Margaret Atwood’s Cat’s Eye, published in 1988, is a novel about the experience of Elaine Risley, who goes back to her hometown Toronto and confronts (or rather, is haunted by) memories of her family, her childhood bully Cordelia, and her life as an artist. I stumbled upon the book in a second-handed English Bookstore located in Lisbon, a city much like the Toronto Atwood described in the novel: rather peaceful, artistic, yet to some degree, boring and dull. Despite some other tantalizing choices, I eventually decided to take Cat’s Eye home. What hooked me into the book was this paragraph: “But I began then to think of time as having a shape, something you could see, like a series of liquid transparencies, one laid on top of another.

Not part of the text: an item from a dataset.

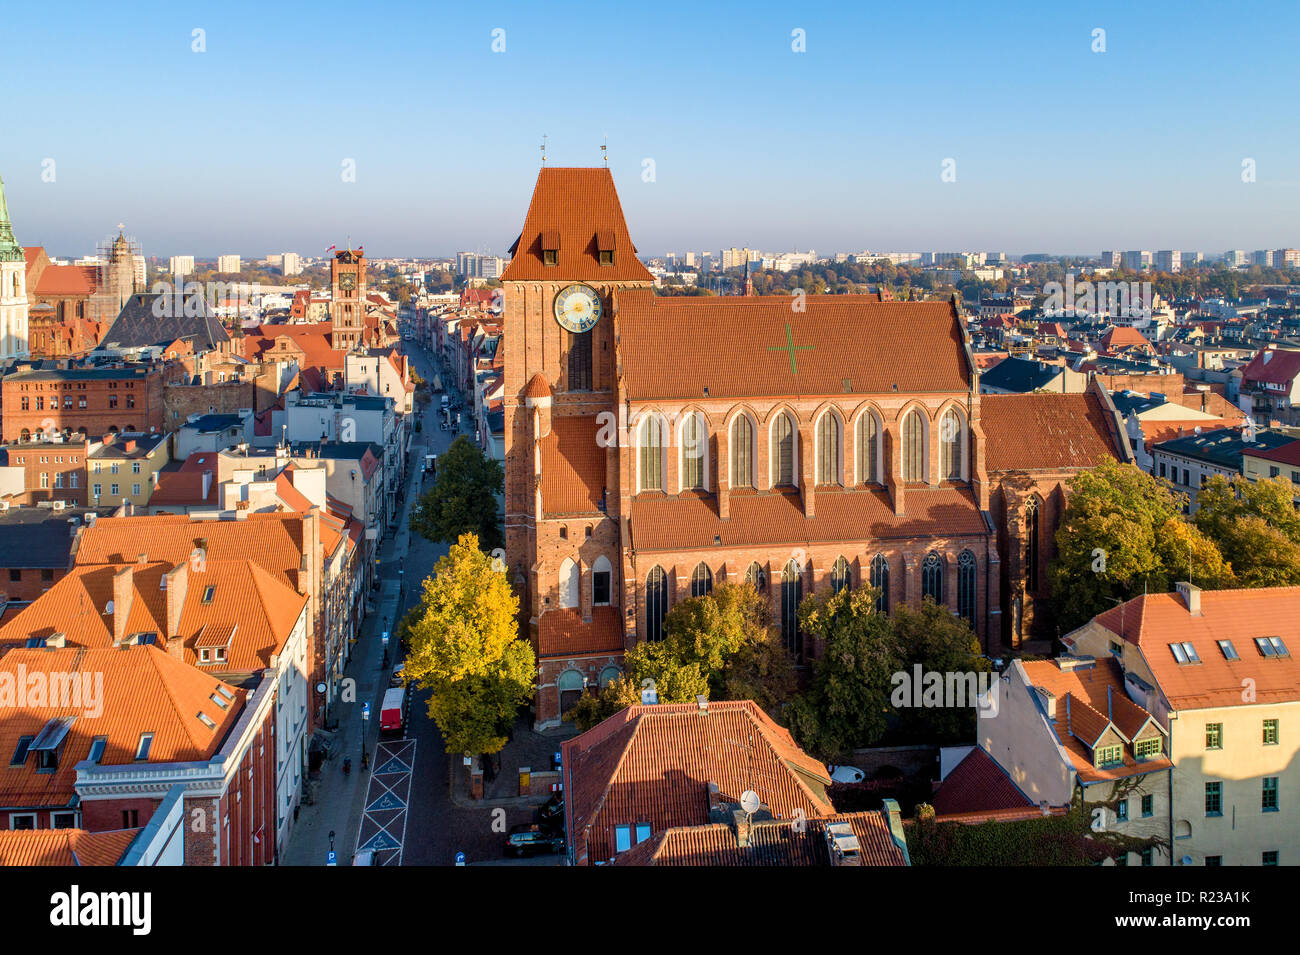 Cité médiévale cathédrale gothique de Saint John à Torun, Pologne, et la vieille ville avec la tour de ville. Banque D'Images

You don’t look back along time but down through it, like water. Sometimes this comes to the surface, sometimes that, sometimes nothing. Nothing goes away.” Other than the beauty of Atwood’s writing itself, this metaphor of time seems to reveal something deeper about the narrator, and I could not refuse to continue reading.
The book begins by talking about Elaine’s experience returning to Toronto in preparation of her painting retrospective. As she walks on the street, memories start to emerge. Atwood then starts to reveal her interwoven narrative: Readers are sometimes brought back to Elaine’s childhood, brought back to the present, and back to the past again. From this constant travel of time, we see how Elaine’s present is closely related to her past, and how the present juxtaposes with the past. We could be reading about Elain’s love history as a woman in her twenties, and go right to her understanding of love after a failed marriage.
Cat’s Eye is in no way a consoling book. The interwoven narrative structure gives us a glimpse into the trap Elaine has caught herself in. Throughout the book, her situation hardly had any essential change. She is always caught up in the memories that seem inescapable, and frankly, she seems to live in those memories in parallel with the present. Elaine does not know where she belongs, yet she spends more time dwelling on the past than looking for a way out. This brings me back to the time metaphor at the beginning of the book. Indeed, “you don’t look back along time but down through it, like water.” Elaine is drowned in the water, and “nothing goes away.”